The OFT has made warning orders against a firm of estate agents and its two directors, saying they failed to disclose a personal interest in a property sale.
The orders have been made against Eastbourne Property Shop in East Sussex and directors Adam Upton and Adam Davison, under Section 4 of the Estate Agents Act. They have 28 days to appeal.
However, the OFT said it was satisfied that EPS and its directors had failed to disclose, promptly and in writing, a personal interest in a property sale to a prospective purchaser, which is both a breach of the Act and a practice that the Secretary of State has declared to be undesirable in relation to estate agency work.
EPS and the directors have been warned that if they again fail to disclose a personal interest promptly and in writing, they will be considered unfit to carry on estate agency work and they will be banned.

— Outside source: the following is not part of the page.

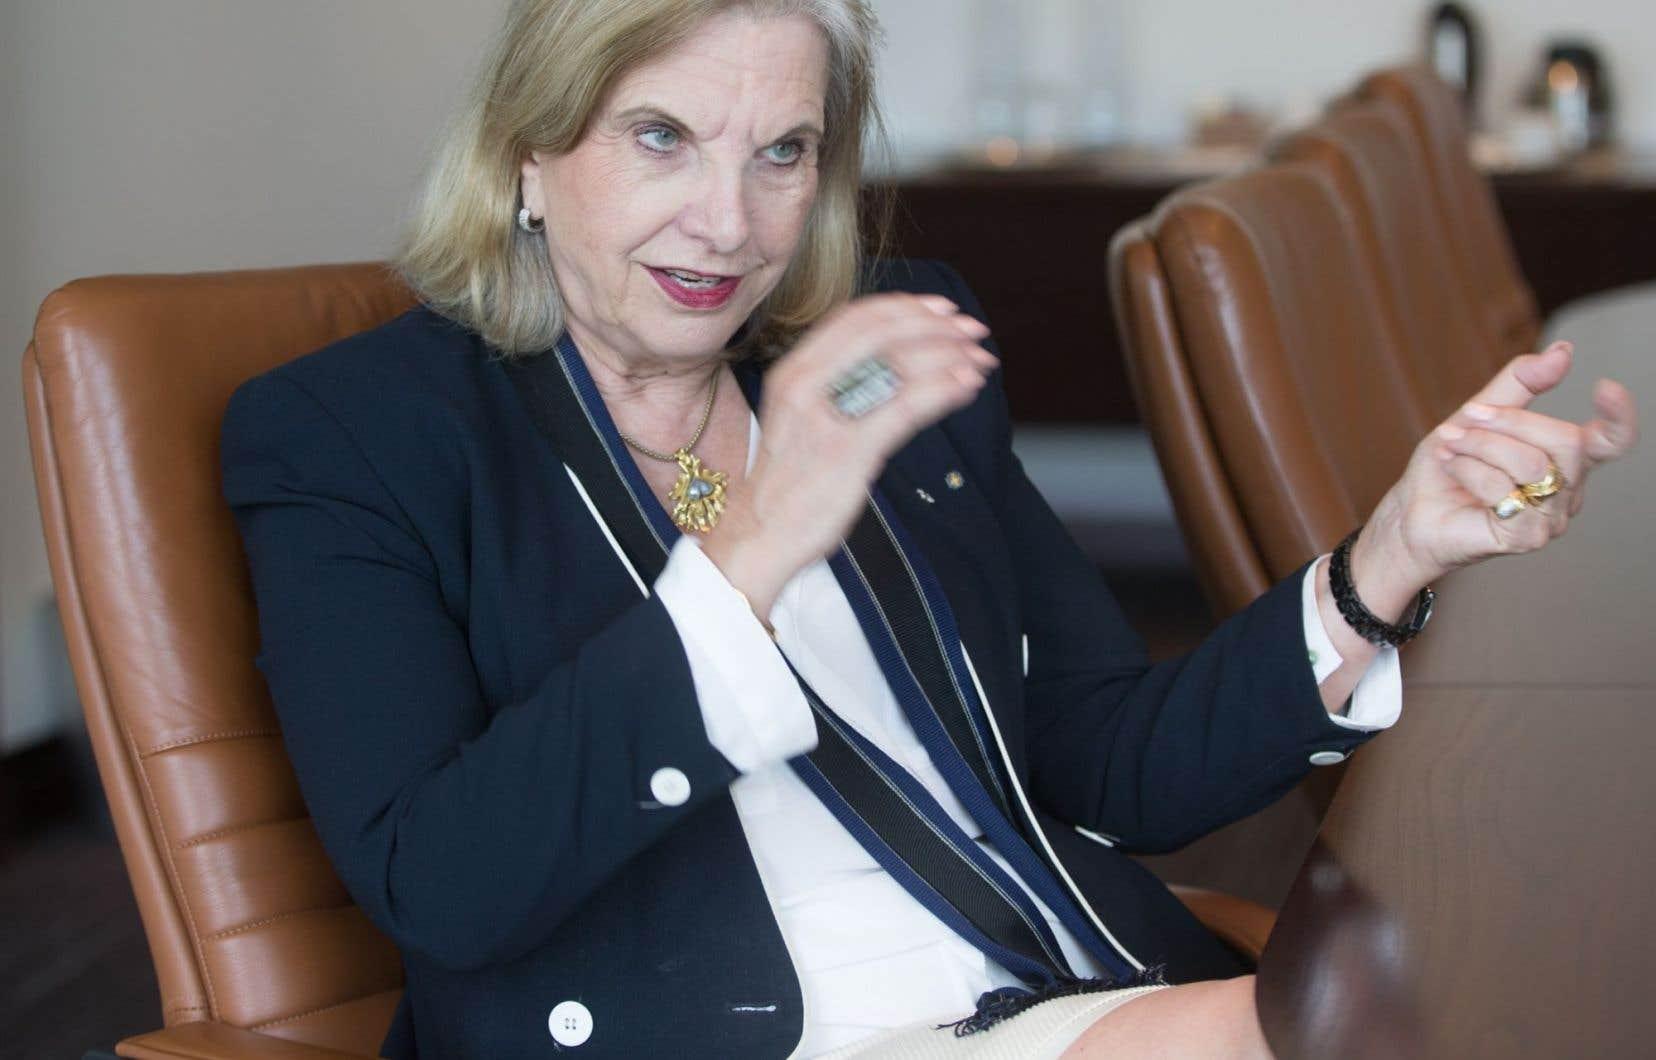 L'ex-ministre libérale Monique Jérôme-Forget a confié dans le dernier reportage de l'émission «Enquête» qu'elle n'avait aucun intérêt pour la SQI.

Mike Coates, assistant director in the OFT’s Goods and Consumer Group, said: “This case demonstrates the importance that the OFT places on ensuring that consumers have confidence in the house-buying sector and that they are not disadvantaged by those estate agents that do not comply with their legal obligations.”
He added: “The OFT, working together with local authority Trading Standards Services, will continue to take tough action against estate agents who breach the law.”
However, the OFT – which is going out of existence – is to hand over responsibility for regulating estate agents to Powys County Council in Wales at the end of this month.
Writing in the Spectator magazine, columnist James Forsyth said that the decision to pass the powers over to Powys “must count as the most bizarre government decision in a long time… When I was first told this, I assumed it was a joke.”